Johnson's minimum period of confinement is forty-five years.   Accordingly, Johnson must demonstrate that this forty-five-year period was an abuse of the district court's discretion.   The maximum penalty for first degree murder where the state has not provided written notice of its intention to pursue the death penalty pursuant to I.C. § 18-4004A is fixed life imprisonment.   I.C. § 18-4004.   Johnson's sentence is thus within statutory bounds.

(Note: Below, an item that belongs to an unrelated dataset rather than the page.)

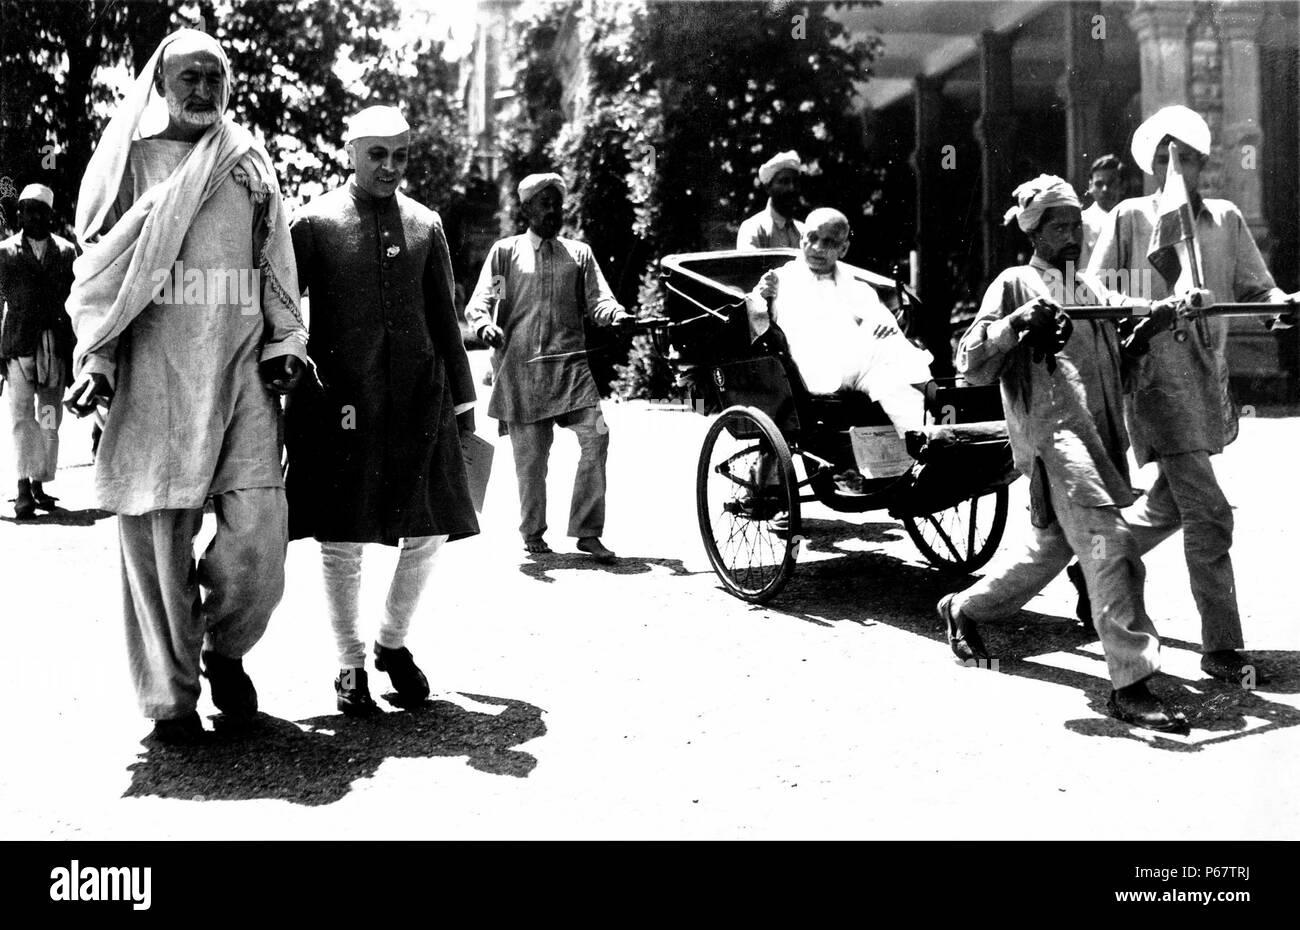 Khan Abdul Ghaffar Khan and Jawaharlal Nehru walk to a Congress meeting, while Sardar Patel is pulled alongside in a rickshaw. - Stock Image

 Johnson argues that the sentence imposed by the district court is for all practical purposes a fixed life sentence because he will not be eligible for parole until he is seventy-three years old.   Therefore, Johnson urges this court to analyze his sentence under the reasoning of State v. Eubank, 114 Idaho 635, 638, 759 P.2d 926, 929 (Ct.App.1988), where we stated:  “[A] fixed life sentence may be deemed reasonable if the offense is so egregious that it demands an exceptionally severe measure of retribution and deterrence, or if the offender so utterly lacks rehabilitative potential that imprisonment until death is the only feasible means of protecting society.”   In Eubank, this court stated that a fixed life sentence “should not be regarded as a judicial hedge against uncertainty” and imposed only where the sentencing court has “certainty that the nature of the crime demands incarceration until the perpetrator dies in prison, or certainty that the perpetrator never, at any time in his life, could be safely released.” Id.

 While it is clear that Johnson will be an old man before he is eligible for parole, we disagree that his sentence is, in essence, a fixed life sentence.   We therefore review the record to determine if the sentence was an abuse of discretion.   The shocking details of Johnson's crime need not be repeated here.   The presentence investigation report shows that Johnson has had a long history of criminal activity and illegal drug use.   Three years prior to the instant offense, Johnson was convicted of attempted murder after he stabbed a man repeatedly in the throat with a knife when a drug deal went awry.   Johnson's record also reflects eleven misdemeanor convictions for such crimes as possession of marijuana, carrying a concealed weapon, burglary, petty theft and violation of probation.   Johnson began using drugs at seven years of age, and has been an IV drug user since high school.   The psychologist who conducted the neuropsychological examination concluded that Johnson posed a threat to others when he abuses methamphetamine and therefore recommended that he be placed in a structured and controlled environment.   Because of the need to punish Johnson for his “horrible” and “depraved” crime, to protect society from the high risk he would re-offend, and because “there [was] no rational chance of rehabilitation in [Johnson's] case”, the trial court imposed a life sentence with forty-five years fixed.   We cannot say that the district court abused its discretion by imposing such a sentence in light of the severity of Johnson's crime, his long history of criminal and illegal drug activity, and the considerable risk that Johnson poses to society.

IV.

CONCLUSION

Accordingly, Johnson's conviction for first degree murder and the district court's imposition of a sentence of life imprisonment, with forty-five years fixed, are affirmed.

FOOTNOTES

1.   Johnson has not questioned the correctness of any of the jury instructions on appeal.

SCHWARTZMAN, Chief Judge.

Judge LANSING and Judge PERRY, concur.